Here is a guess about politics in the new media world.
In an age where adverts have failed, endorsements matter again, but the size of the social network is what matters. By social networking I do NOT mean faddish things like Facebook, but the number of people who actually engage with a person or institution.
Who cares what you say enough to to argue with it or think about it even if it cuts against previous opinions? That is is the size of your effective social network.
In that sense, newspaper endorsements may have mattered more this year than recently to the benefit of John McCain.
Even though they have faded, newspapers still have huge social networks, just not enough to support their present infrastructures which are top heavy by new media standards. Web sites like Townhall are simply editorial pages without the costly infrastructure.

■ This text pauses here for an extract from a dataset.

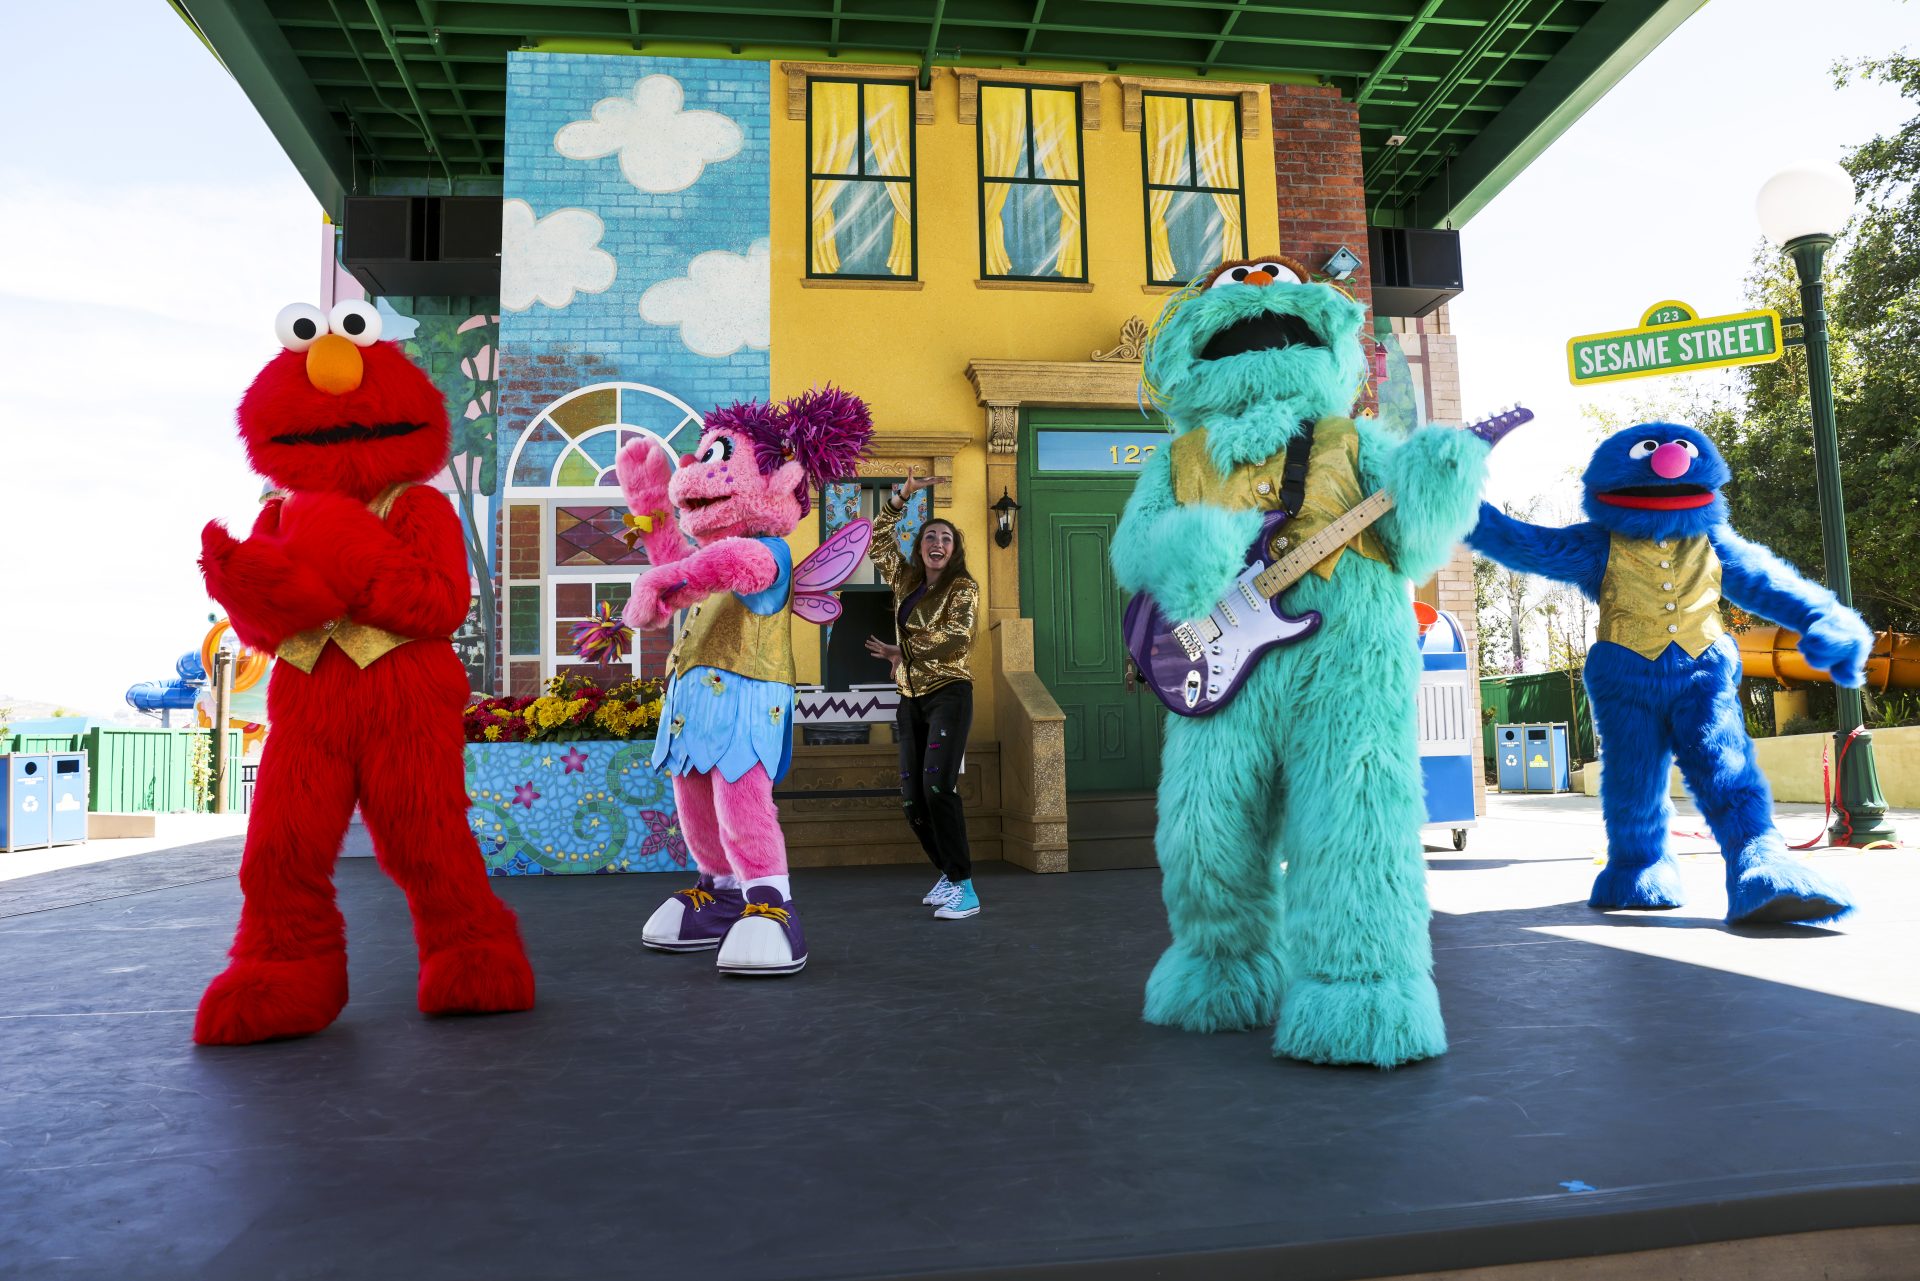 Black Mother Slams Sesame Place After Character Seemingly Ignores Her Daughters At Parade

Hugh Hewitt was a huge “get” for Mitt Romney. He has a giant social network, much larger than most politicians. His support was a major influence on me in making my own decision. I respect Hewitt’s acumen.
In that sense the measure of the influence of a social network is what matters in considering the value of an endorsment. How many folk will stop and think about the endorsers ideas, even if they run contrary to the first opinions of the one listening?
Joe Carter is one of those people for me.
I am a Romney guy, but Joe Carter’s opposition to him made me pause. I am sure there are hundreds, if not thousands, who can say the same.
That is power in the new media world and means Carter matters politically to the extent that his social network of trust exists.
I suspect more people care on a daily basis about what Joe Carter thinks, than what Tom Coburn may say. Coburn may be a fine conservative sitting Senator, the most conservative out there, but he is pretty invisible in the new media.
I suspect the estimable Coburn has a smaller social network than Carter, so his “weight” in the new politics is less. He is a smaller “get” for McCain than Carter was for Huckabee.
(Of course, the snow ball of all those government officials together, with their social networks, coming to McCain are cumulatively greater than Carter.)
Obama-mania is cleverly fed by this very sort of social networking. He is the master of it.
The same thing happens in churches, but less obviously.
I think the best example of the power of this may have been Nevada where Mormons and Evangelicals must have signed off on Mitt under the radar in their assorted parishes and in years of internal conversations at a party level. . . but this is off the screen of the opinion makers, since churches are one of the last places left where this social networking is live and not on a screen.
What happens to Huck and Mitt this Sunday in conversations in church in California may matter more than the endorsement of the governor . . . whose social network is fairly weak amongst those who vote in Republican primaries in the state.